# Task item:
Aim for an exact copy of the listing, without any images.

# Stored data:
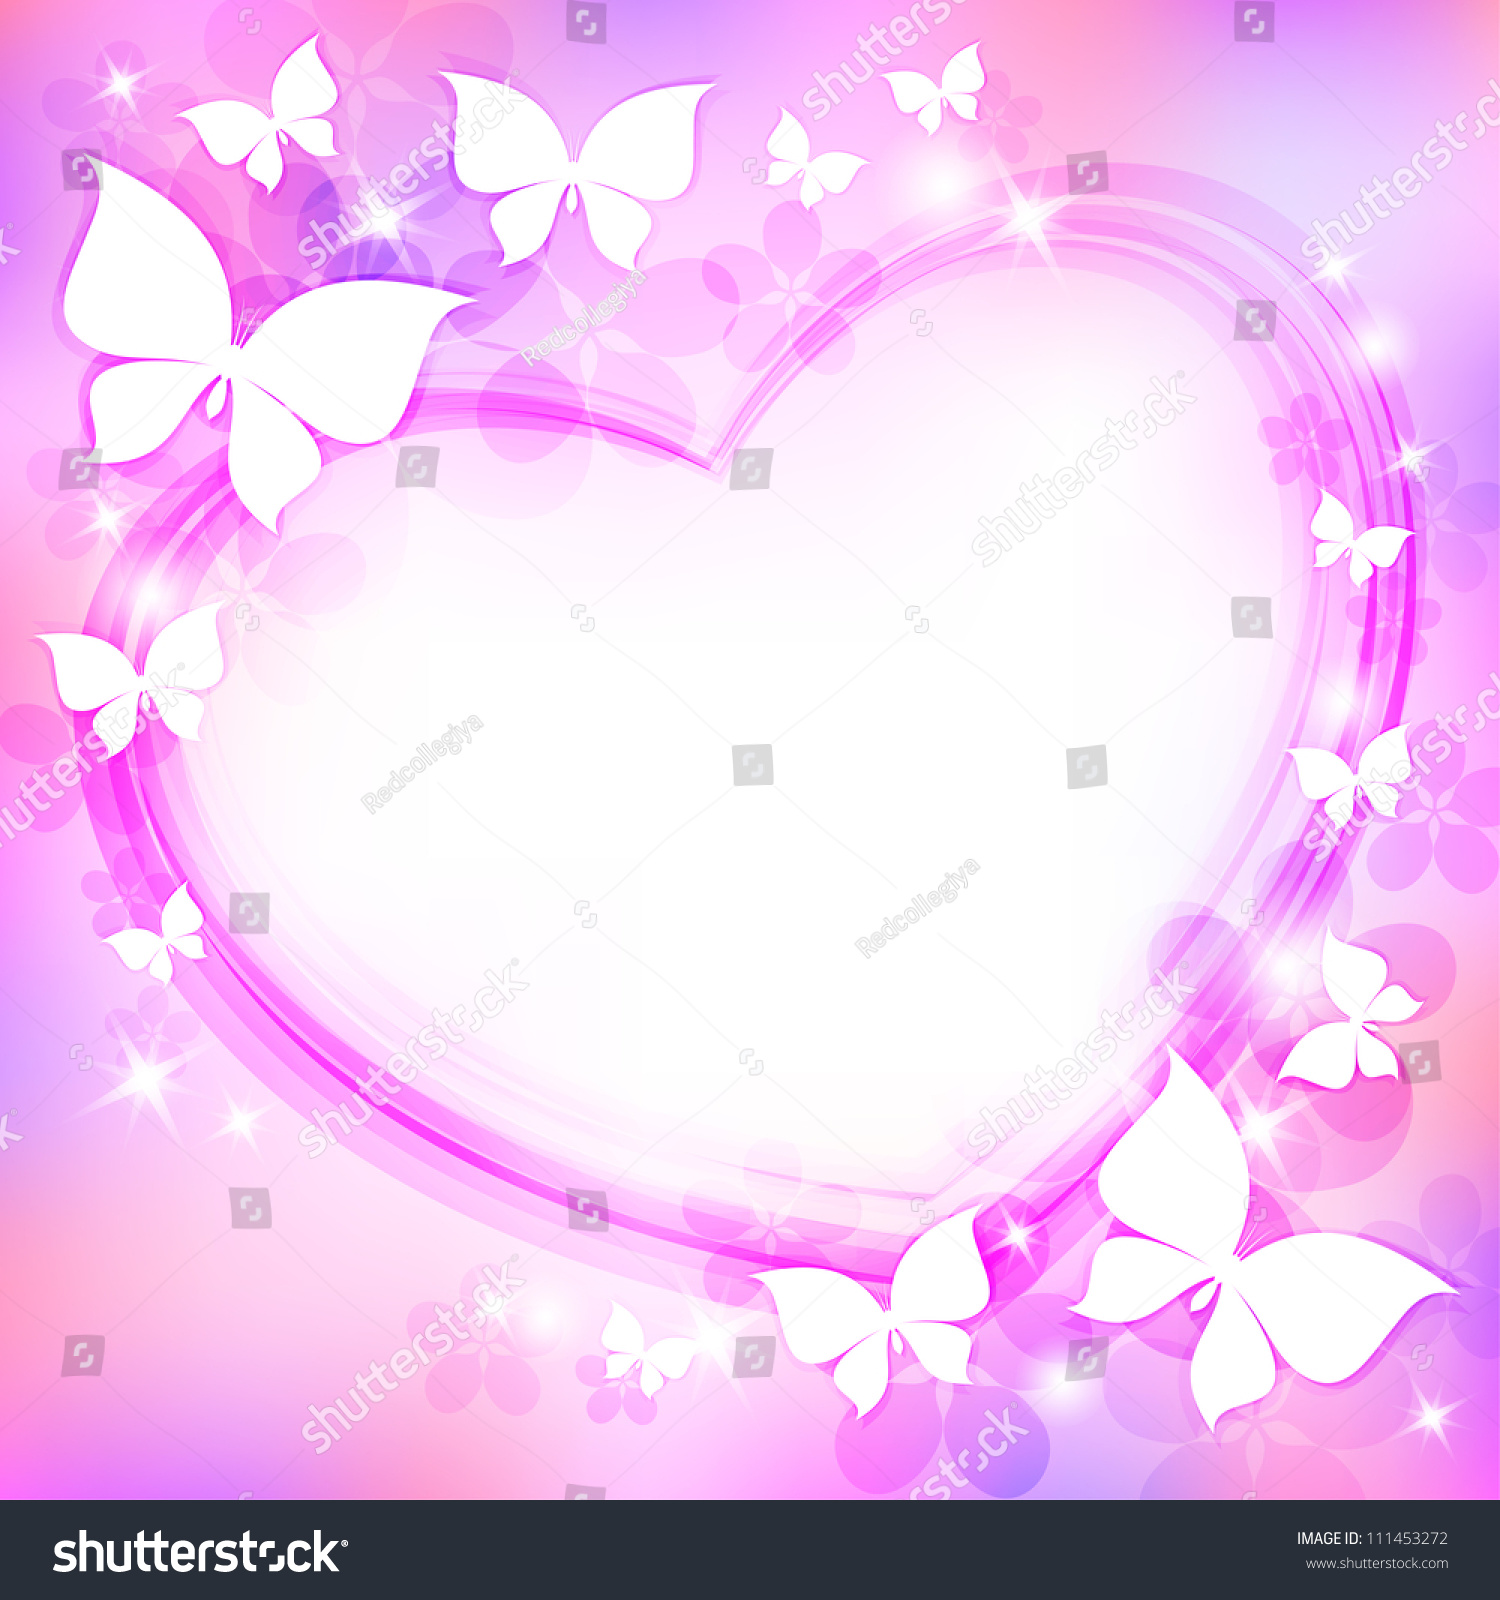 Beautiful Abstract Background Heart Butterflies Stars
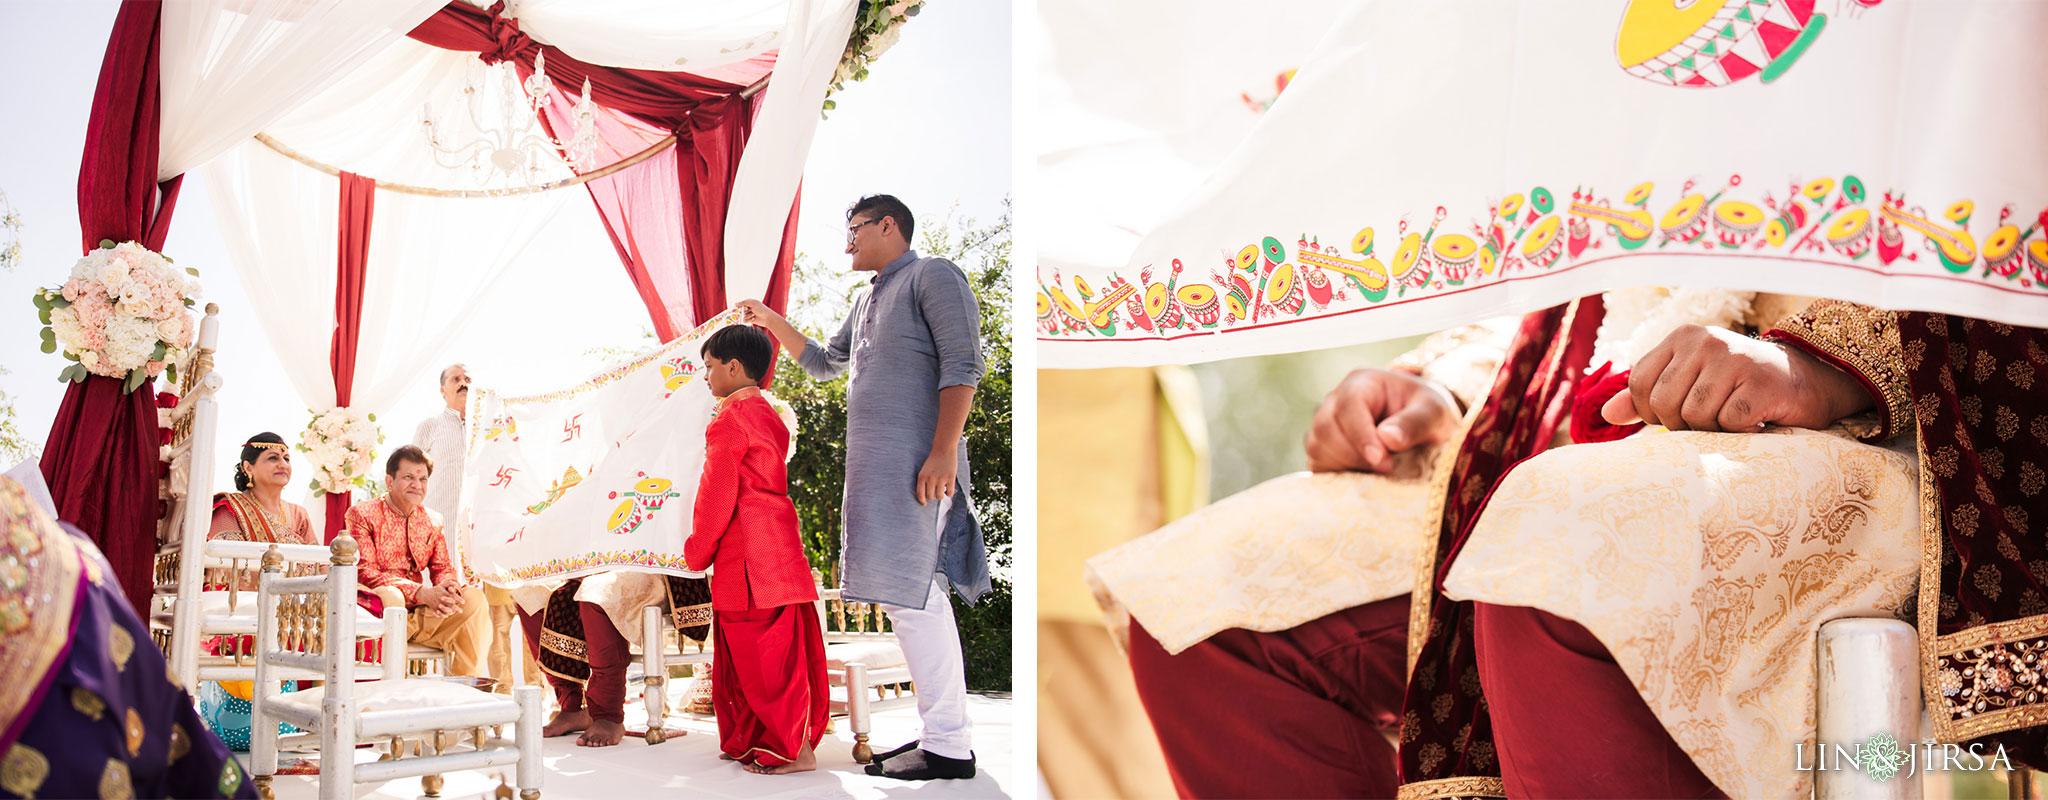 25 sheraton carlsbad resort indian wedding photography
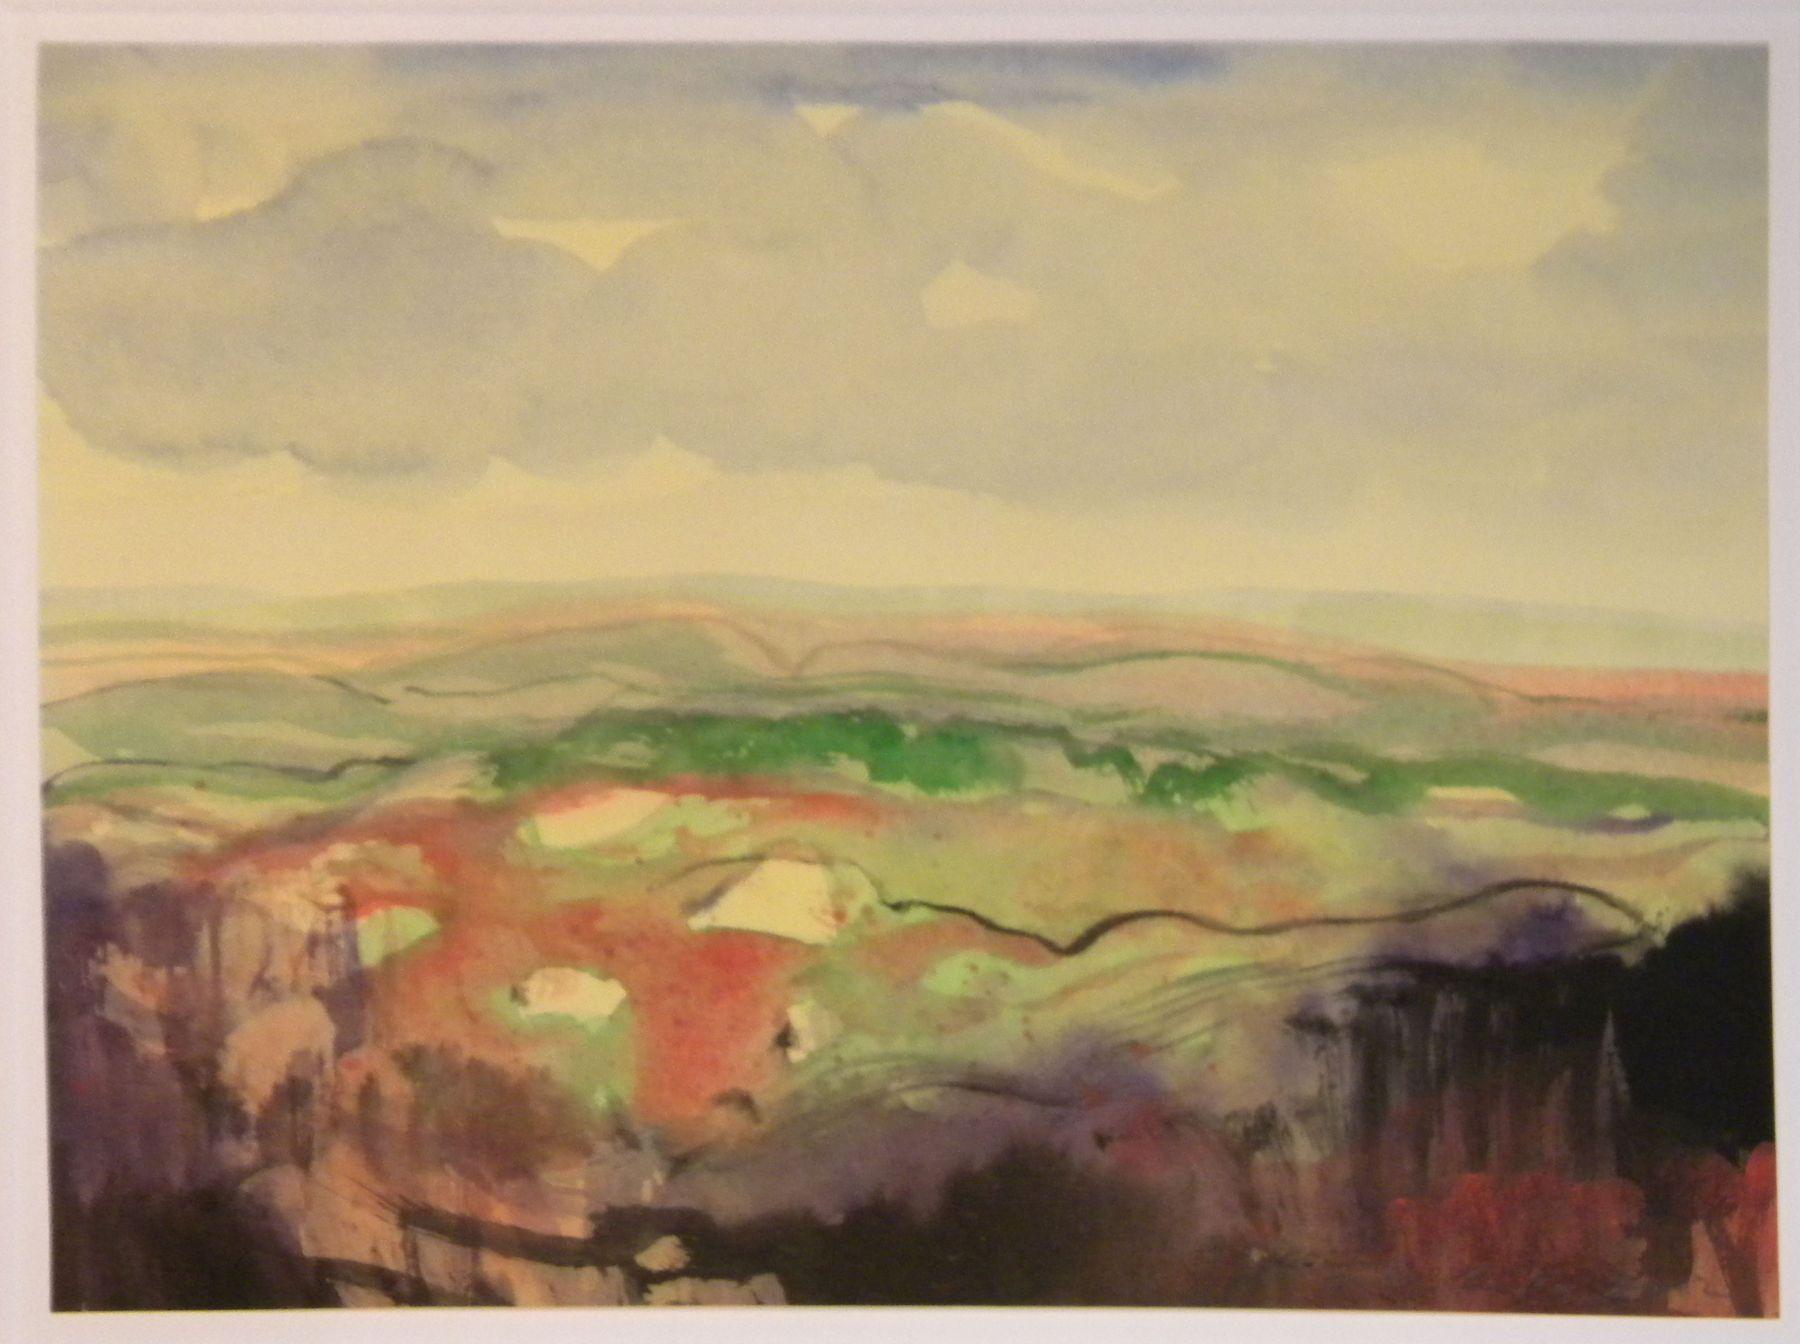 Fulvio Testa, Untitled 26, 2012    Watercolor on paper 9 5/8 x 13 1/4 inches
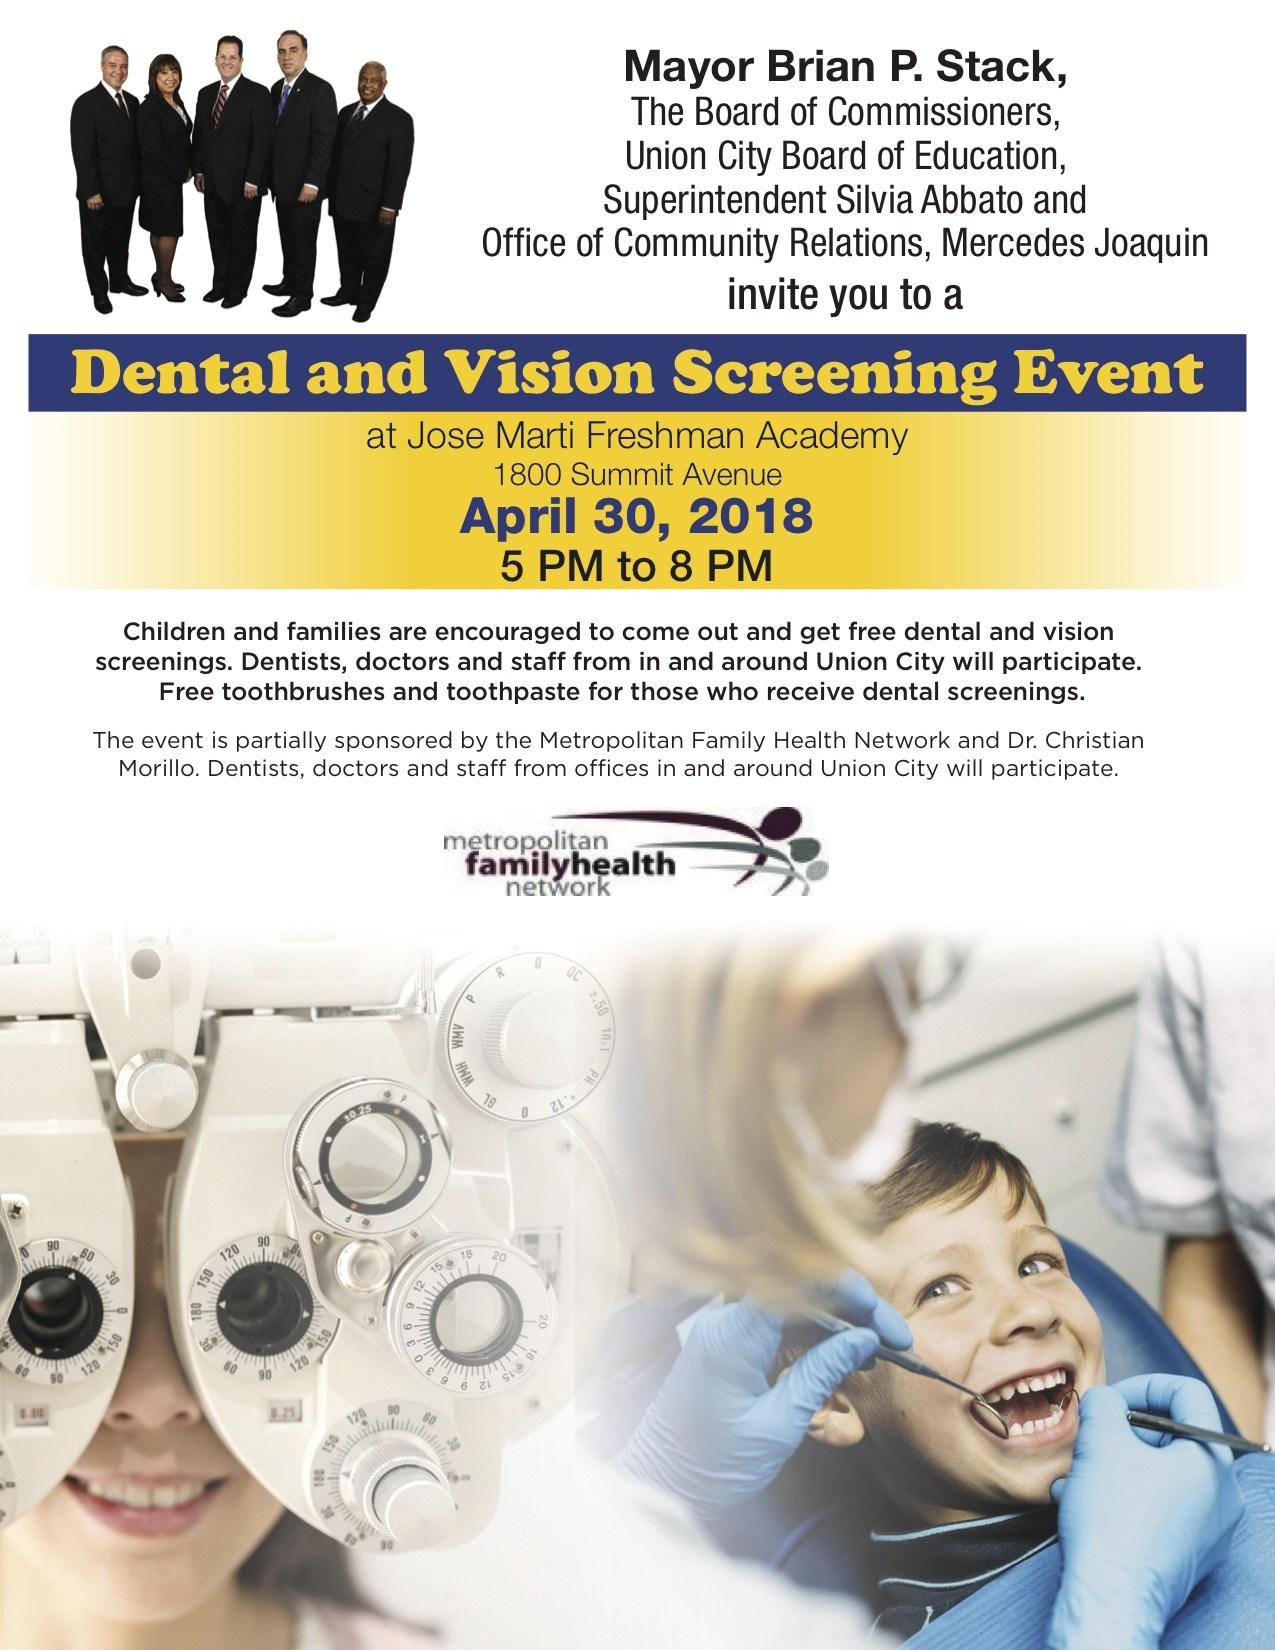 UC Dental & Vision Screening Event flyer

# Task response:
 Beautiful Abstract Background Heart Butterflies Stars
 25 sheraton carlsbad resort indian wedding photography
 Fulvio Testa, Untitled 26, 2012    Watercolor on paper 9 5/8 x 13 1/4 inches
 UC Dental & Vision Screening Event flyer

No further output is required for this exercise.